We know that it’s reasonably easy to get 50+ Gbps from an Intel server, with smart solutions going all the way to 200 Gbps. Looking at the vMX data sheet it looks like Juniper got a number of things right:
- They decoupled control and forwarding planes into separate VMs (they probably still have to run on the same physical host, but this makes it easier to dedicate CPU cores to individual functions);
- Virtual forwarding plane uses SR-IOV and Intel DPDK, so the performance claims aren’t totally unrealistic.

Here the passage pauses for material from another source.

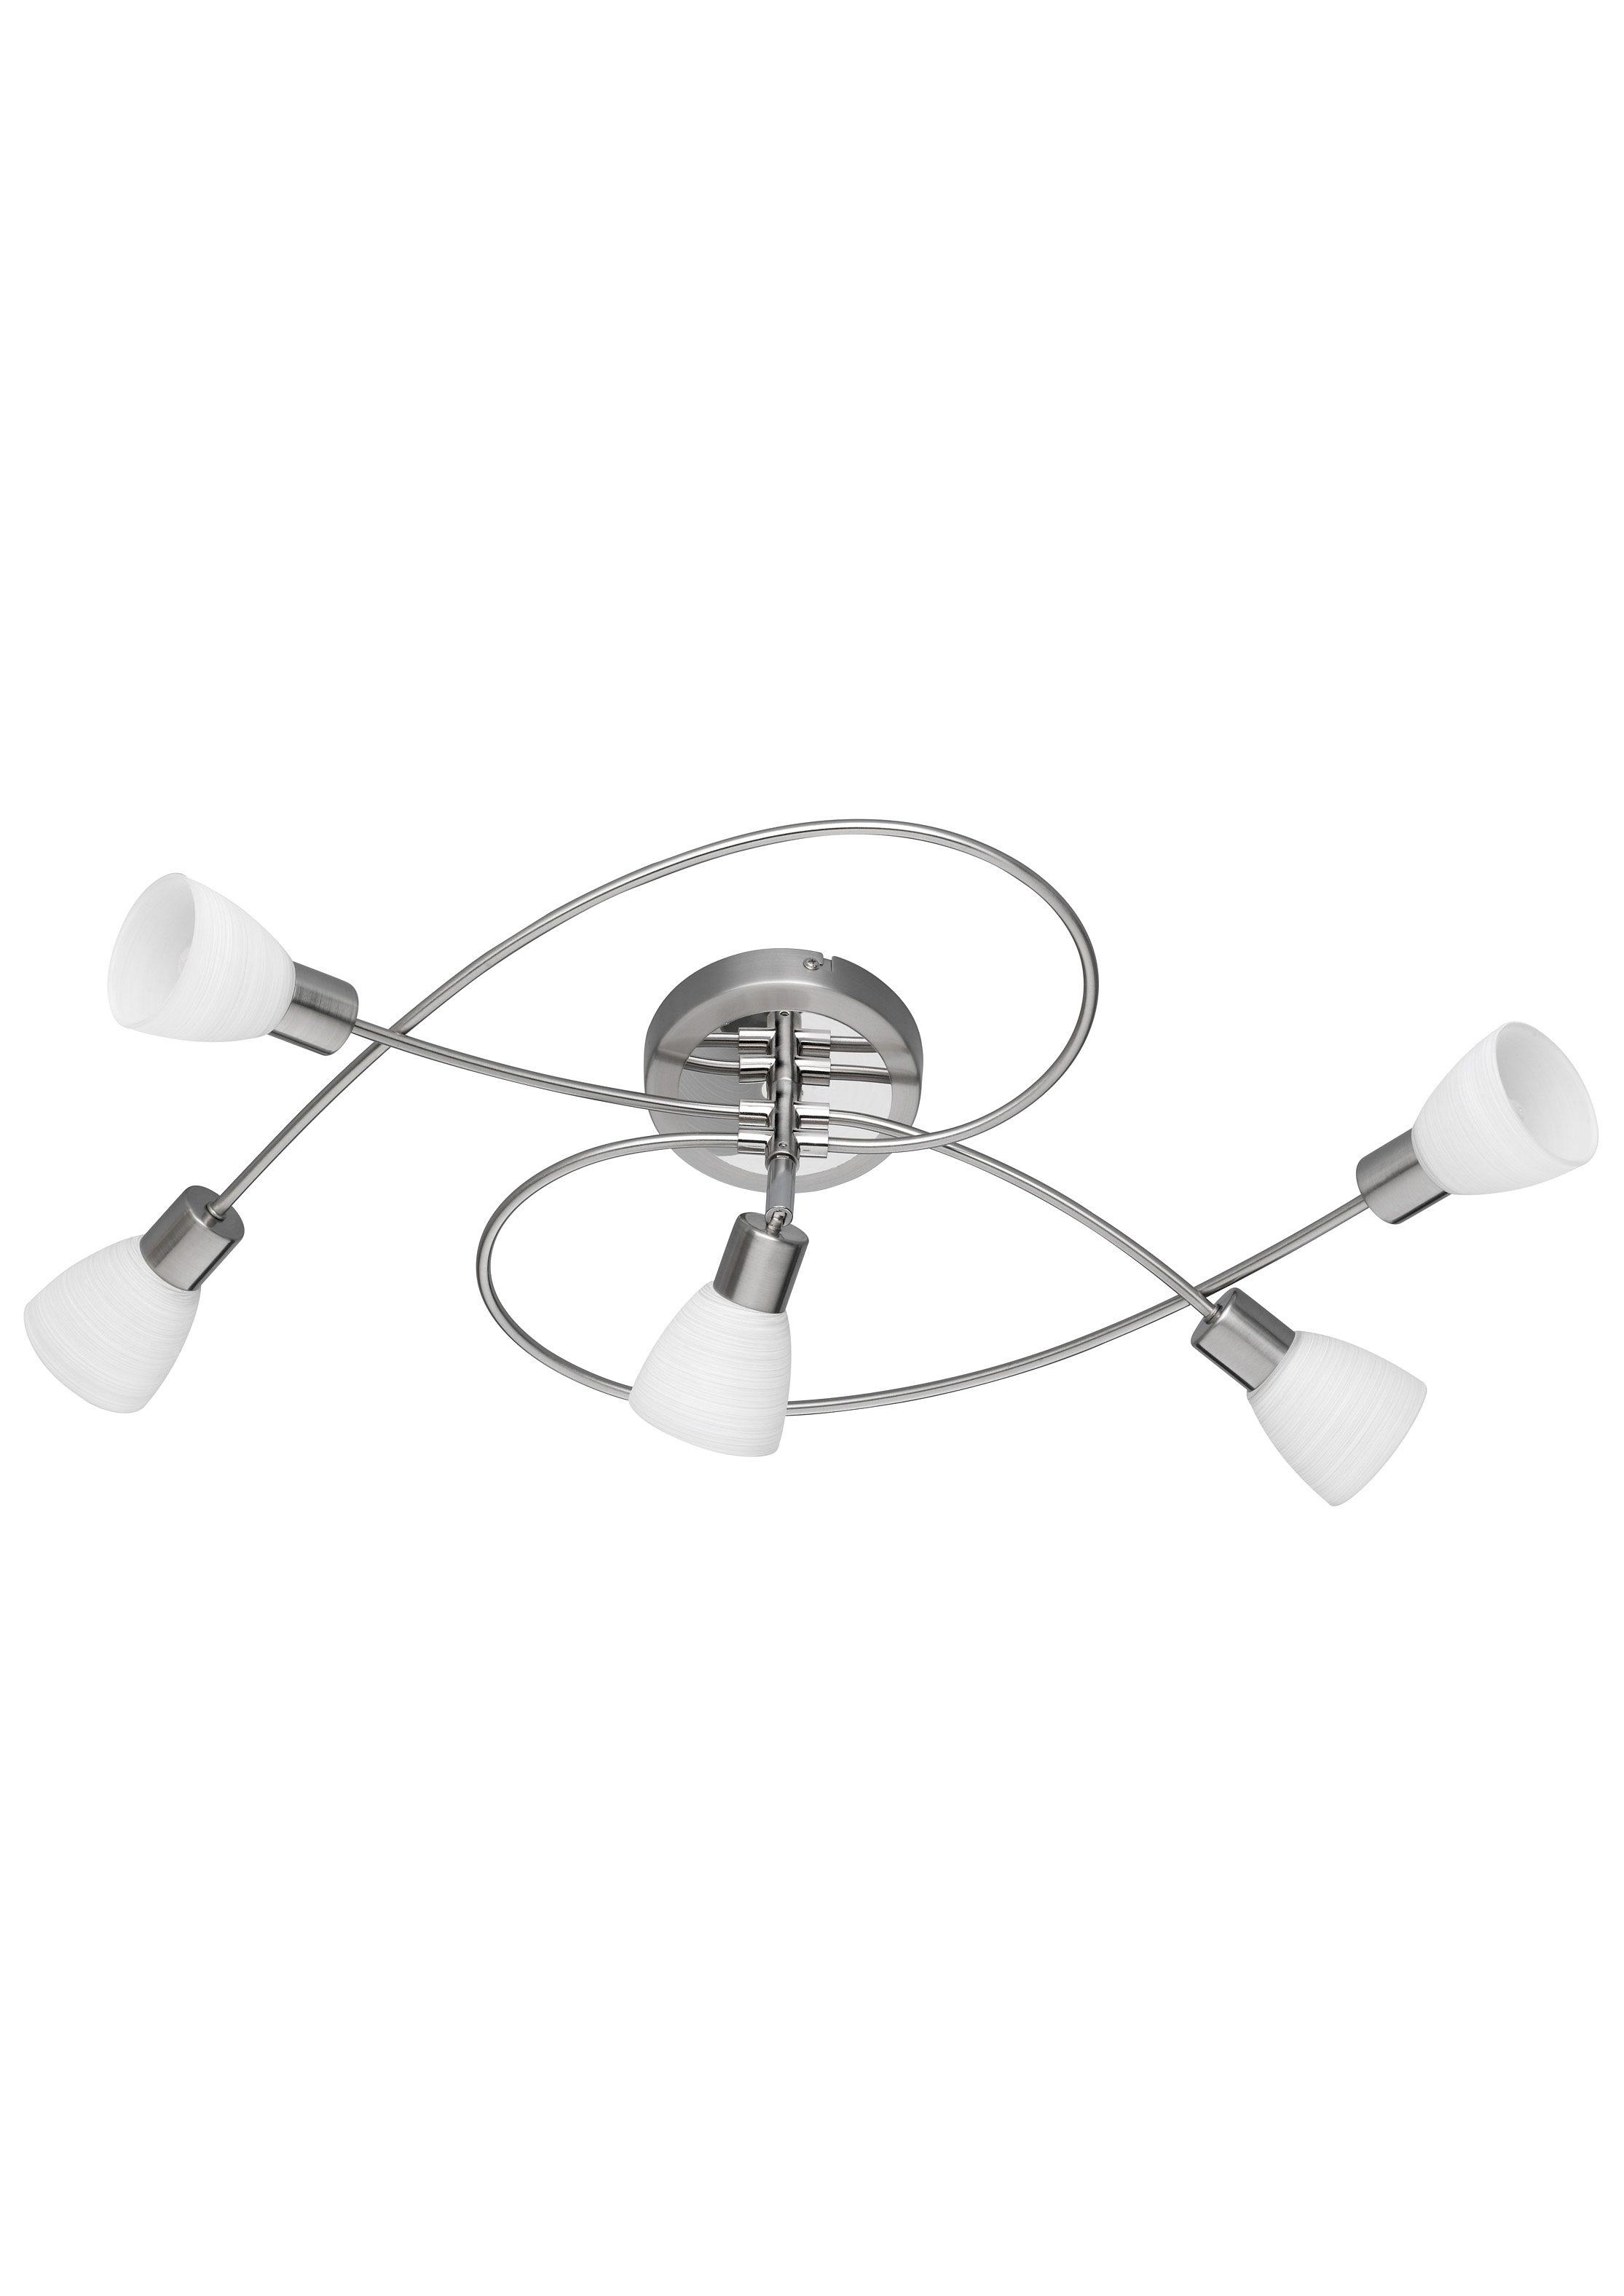 Trio LED-Deckenleuchte, 5flg., »CARICO«

I also like their licensing approach: You’re buying licenses (perpetual or annual) in steps of 100 Mbps, 1 Gbps and 10 Gbps, which (I hope) means you can make the virtual router as fast (or as slow) as you need it to be, particularly if you can transfer the licenses between multiple vMX instances.
Will vMX bring the death of physical routers? It will definitely replace the physical routers in service provider environments that decide to use NFV (example: Deutsche Telekom Terastream), but then vMX was the only thing Juniper could do in those environments to compete with Cisco and Brocade.
I’m not so sure about the enterprise WAN edge. As Matt Bolick pointed out during the Tech Field Day @ Interop New York, everyone designs servers for a 2-year lifecycle, whereas the WAN edge routers typically have to survive 5-10 years, and I’m positive smart enterprise buyers know that (regardless of what they say at various Something-Open-Something events).
More Information
You’ll learn more about virtual routers, appliances, and NFV in my SDN/NFV/SDDC workshop (slide deck is already available to the subscribers, recordings will be published in 2014).
I suspect that the forwarding and control plane separation is similar to what they've been doing on the branch SRX line where they take a multicore processor and spin up a virtual asic on some of the cores and leave 1 or more for the control plane. This way they can share the same code as their boxes with real asics.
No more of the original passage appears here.